Lecture 7 Flashcards
Migration
Agreements McAdam and Felli
- Agreement: language used for climate related movement CRM isn’t fixed or apolitical
- Applying different linguistic concepts and categories will
o Highlight different aspects of CRM.
o Give different meanings to CRM.
o Embed CRM with different normative values.
o Suggest different political responses to CRM. - Agreement: climate related movement isn’t monocausal but highly complex.
- It must be understood in connection with other causal factors, especially economic ones (e.g., poverty, labor, opportunity).
- Agreement: how we conceptualize CRM affects who we think is responsible for responding to climate change.
Disagreement McAdam and Felli
- Disagreement: McAdam worries about robbing those affected by CRM of agency whereas Felli worries about making those affected by CRM responsible for managing climate change on their own.
McAdams deflationary analysis
Think in limits
- Major limits to what we can know about climate-related movement.
- Major limits to applicability of existing refugee law to climate-related movement.
Difficult to disentangle climatic drivers of migration from other drivers - limits to knowledge
o Climate change is threat multiplier that exacerbates other factors that lead people to move.
o Climate-related movement’s difficult to analyze because the causality behind it’s complex.
Difficult to accurately quantify climate-related movement - limits to knowledge
o CRM often bureaucratically uncounted (not a visa option).
o CRM is often domestic, therefore invisible and untracked.
o If climate change is a threat multiplier, it’s hard to correctly track CRM.
o McAdam favors a minimalist or skeptical approach vs a maximalist or alarmist approach.
o Maximalist approaches may mean to helpfully draw attention to CRM, but can backfire when inaccurate.
Climate related movement must be analyzed contextually - limits to knowledge
o Climate factors interact with other, pre-existing patterns of movement and so must be understood in context.

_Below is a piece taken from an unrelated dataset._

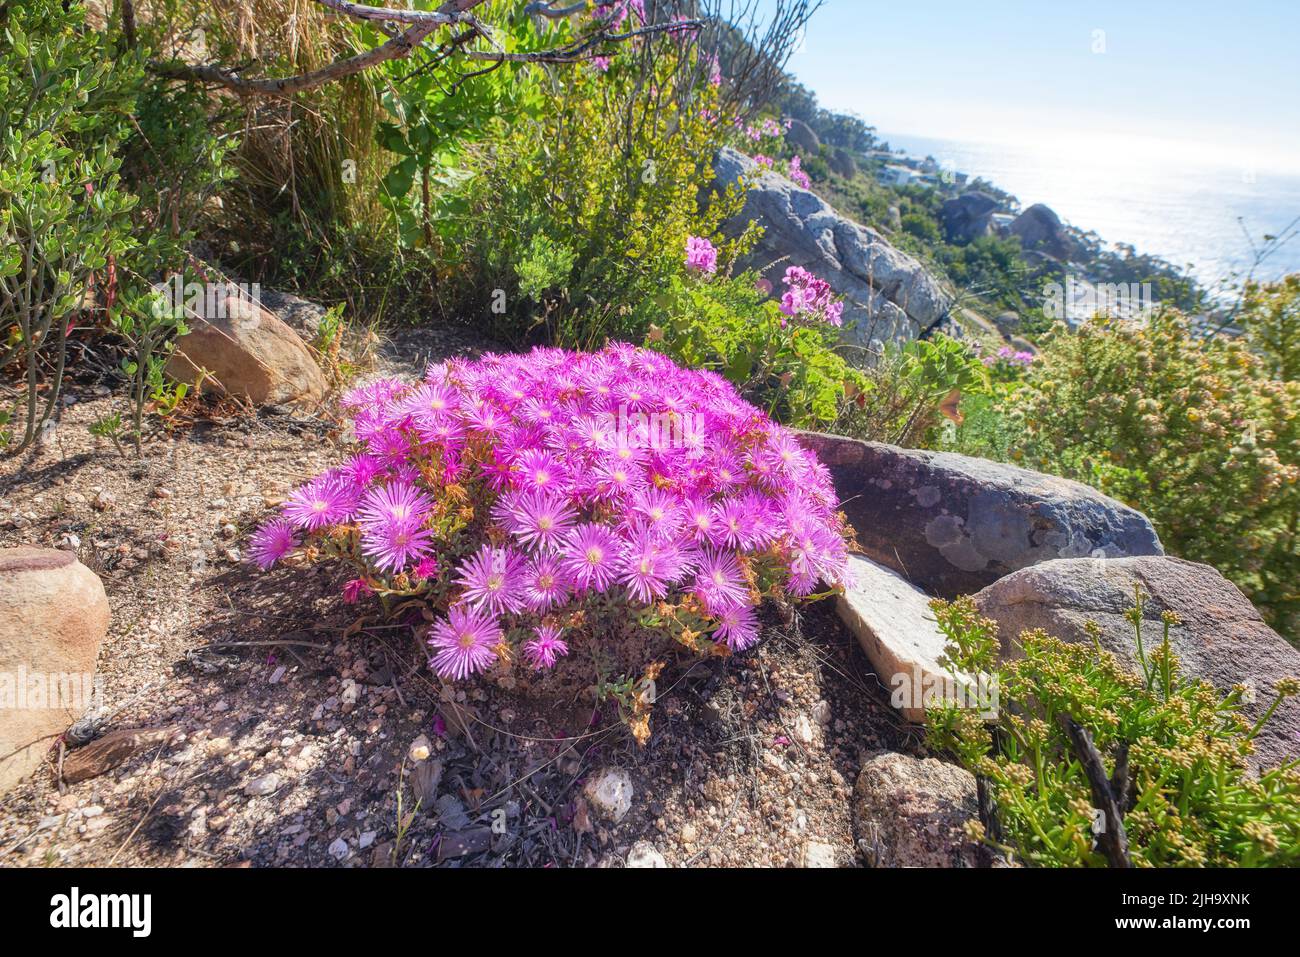 Pink aster fynbos flowers growing on rocks on Table Mountain, Cape Town, South Africa. Lush green bushes and shrubs with flora and plants in peaceful Stock Photo

See Tuvalu and Kiribati examples
o This interest has repackaged in light of climate change with climate framed as the only issue, but this has had negative fallout (withdrawal of foreign aid -> migration only option).
Omissions in climate-related movement - limits to knowledge
o Worst off might be unable to move, going un-studied and un-helped because they are stationary.
o Focus on populations without access to robust migration pathways, but migration can still pose challenges even for those with more secure access (disruptions to culture or identity).
McAdams limits to refugee law
- In 1951 refugee convention and later protocols “insert quote”
- Difficult to apply to those moving in connection with climate change
o Applicable only to those who’ve crossed an international border.
o But CRM can be and often is domestic.
o Applicable only to those who’ve been persecuted (discriminated against because of personal attribute).
o But with CRM it can be unclear a) who persecutor is b) that discrimination is at play.
A battle of words
- Climate refugee is indicative of passivity and helplessness. It implies movers are victims who can’t help themselves. [McAdams]
- Climate migrant is indicative of unfair burden shifting. It implies impacted individuals -not emitting countries- are responsible for navigating climate change themselves. [Felli]
Climate refugee paradigm
o Highlighted impact of climate change on people.
o Framed movers as victims of phenomenon they didn’t create.
o Drew attention to failure of climate mitigation and adaptation policies.
o Emphasized importance of protecting human rights of and providing humanitarian aid for movers.
Why did the climate refugee paradigm got replaced
- Replaced around mid-2000s by climate paradigm as a) climate negotiations stalled and b) aims downshifted from mitigation to adaptation.
Climate migrant paradigm
o Presents CRM not as evidence of failure to redress climate change but as a productive strategy for adapting to it.
Felli: from victims to entrepreneurs
- Climate refugee paradigm positions movers as victims of an injustice who are owed a debt.
- Underscores that climate movers are asked to bear cost of phenomenon they didn’t create and therefore implies that they should be made whole for this cost or repaid a debt (i.e., deserve reparative justice).
- Climate migrant paradigm positions movers as entrepreneurs who’re individually responsible for themselves.
- Frames adaptation not as collective, socio-political change that responds to altered external conditions but as the transformation of individuals into flexible go-getters who can respond to climate change themselves.
Felli: from justice to economic development
- Climate refugee paradigm suggests states have obligation to protect movers.
- Locates climate movers in international law as bearers of formal rights guarantees.
- Climate migrant paradigm suggests states must manage how migrants take responsibility for themselves.
- Locates climate movers in deformalized governance norms and practices (e.g., soft laws, capacity building techniques).
- Shift from legal protection and justice to informal management and economic development.
Felli: from rights bearers to laborers
- Goal of migrant management is to sustain global capital accumulation.
- Sustaining mass consumption in the North entails displacing environmental burdens onto the South and then managing these populations to be economically productive members of the global labor force.
- Climate change creates outsized material insecurity in the South that is then managed to capital’s benefit.